Published: 18 August 2010



Phylogenetic analysis can be used to divide a protein family into subfamilies in the absence of experimental information. Most phylogenetic analysis methods utilize multiple alignment of sequences and are based on an evolutionary model. However, multiple alignment is not an automated procedure and requires human intervention to maintain alignment integrity and to produce phylogenies consistent with the functional splits in underlying sequences. To address this problem, we propose to use the alignment-free Relative Complexity Measure (RCM) combined with reduced amino acid alphabets to cluster protein families into functional subtypes purely on sequence criteria. Comparison with an alignment-based approach was also carried out to test the quality of the clustering.


We demonstrate the robustness of RCM with reduced alphabets in clustering of protein sequences into families in a simulated dataset and seven well-characterized protein datasets.
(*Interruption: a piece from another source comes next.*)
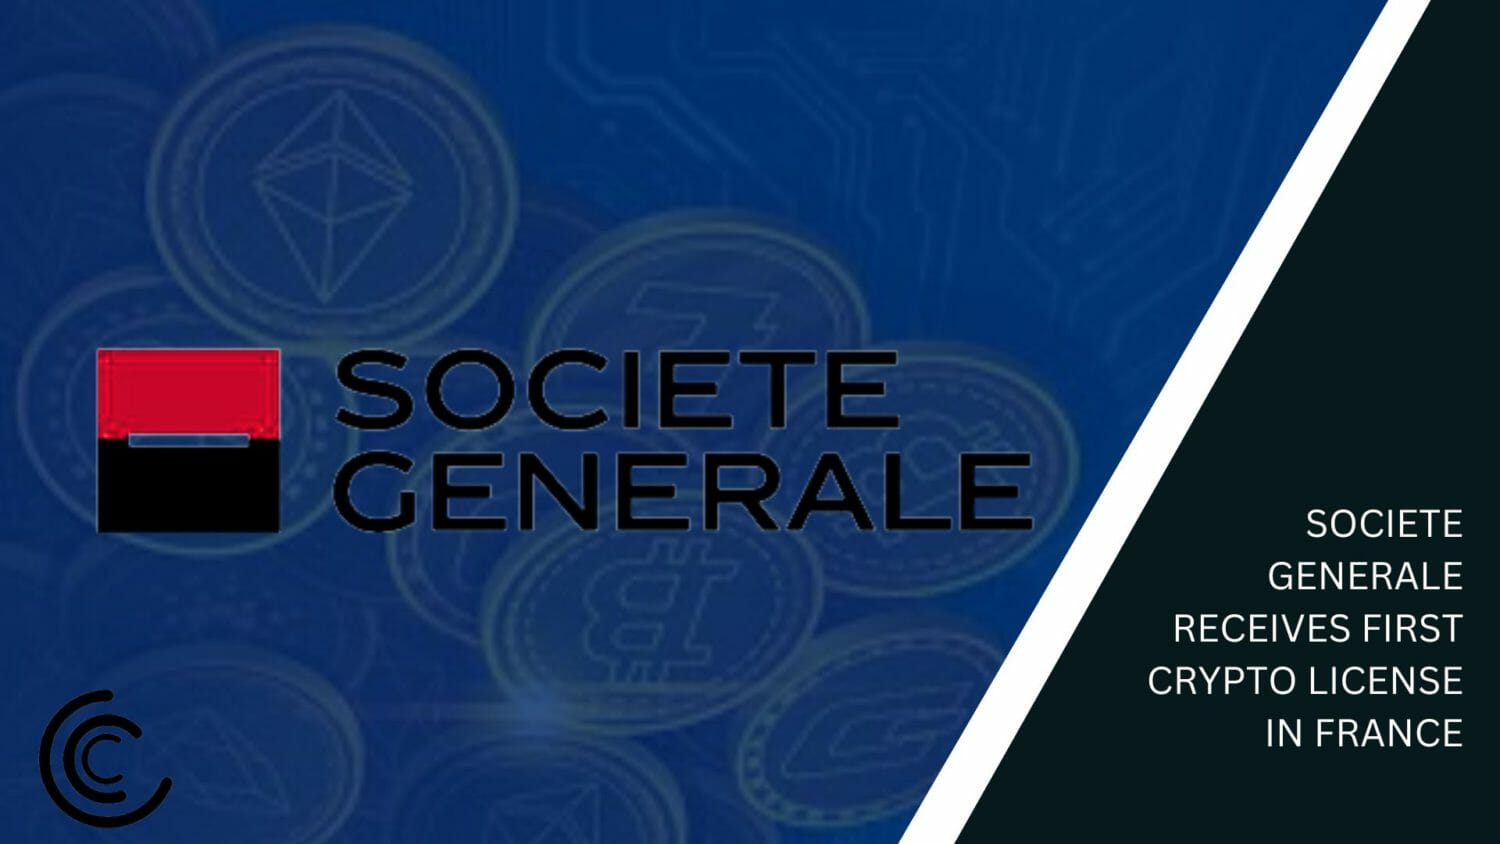 Societe Generale Receives First Crypto License In France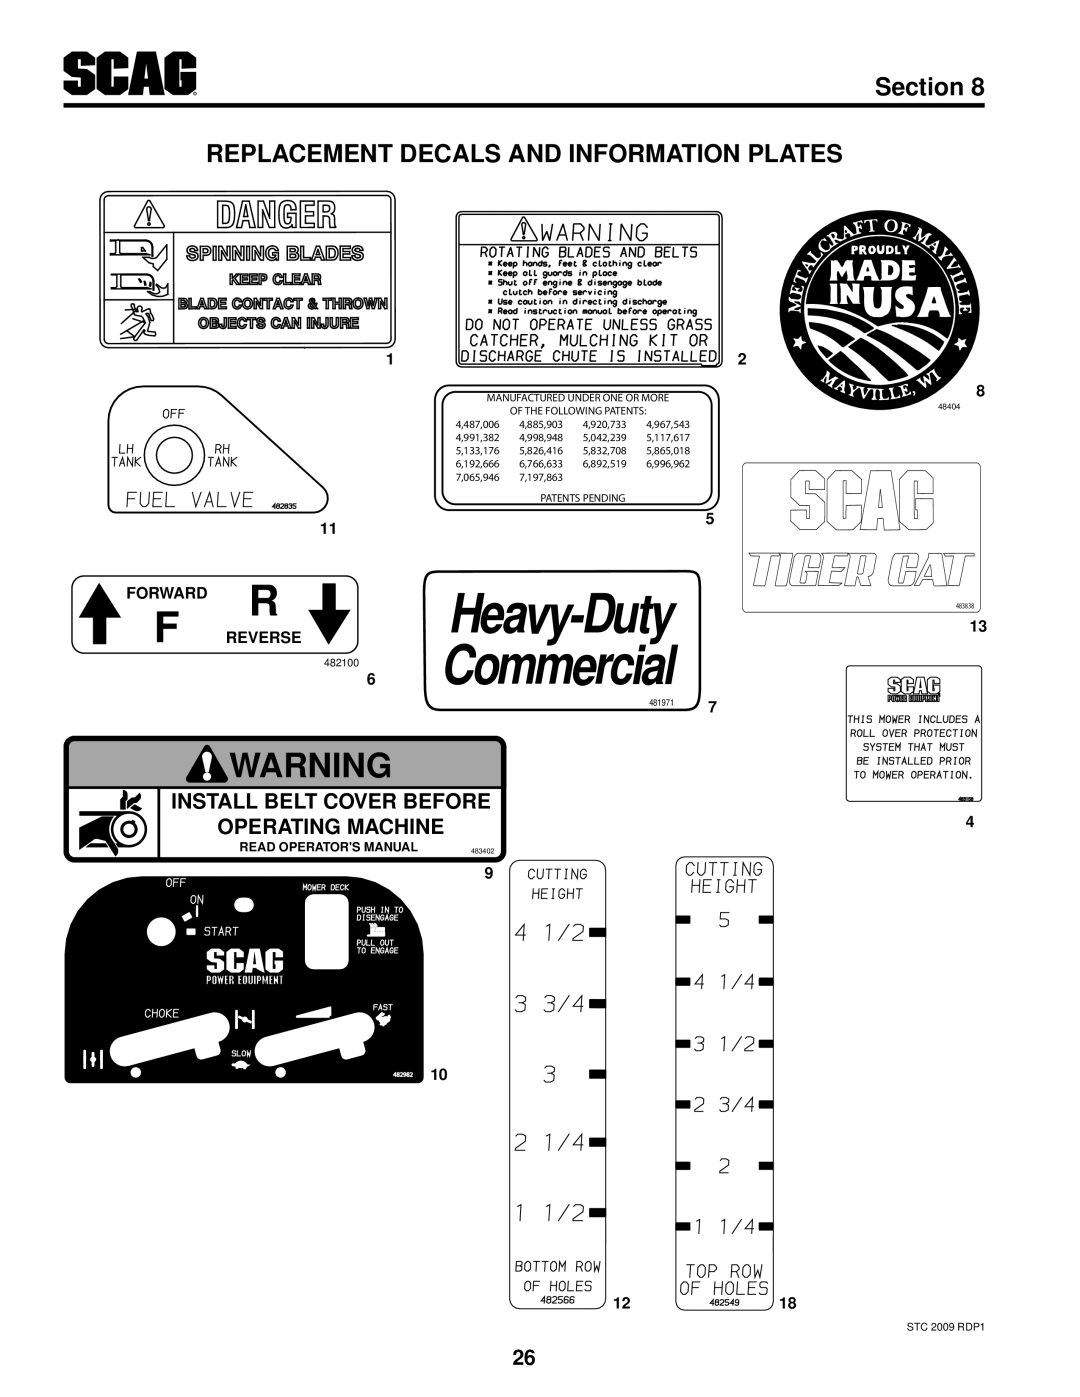 Scag Power Equipment SMTC-48V, SMWC-61V, SMWC-52V manual Replacement Decals And Information Plates, Heavy-Duty, Section

On protein datasets, crotonases, mandelate racemases, nucleotidyl cyclases and glycoside hydrolase family 2 were clustered into subfamilies with 100% accuracy whereas acyl transferase domains, haloacid dehalogenases, and vicinal oxygen chelates could be assigned to subfamilies with 97.2%, 96.9% and 92.2% accuracies, respectively.


The overall combination of methods in this paper is useful for clustering protein families into subtypes based on solely protein sequence information. The method is also flexible and computationally fast because it does not require multiple alignment of sequences.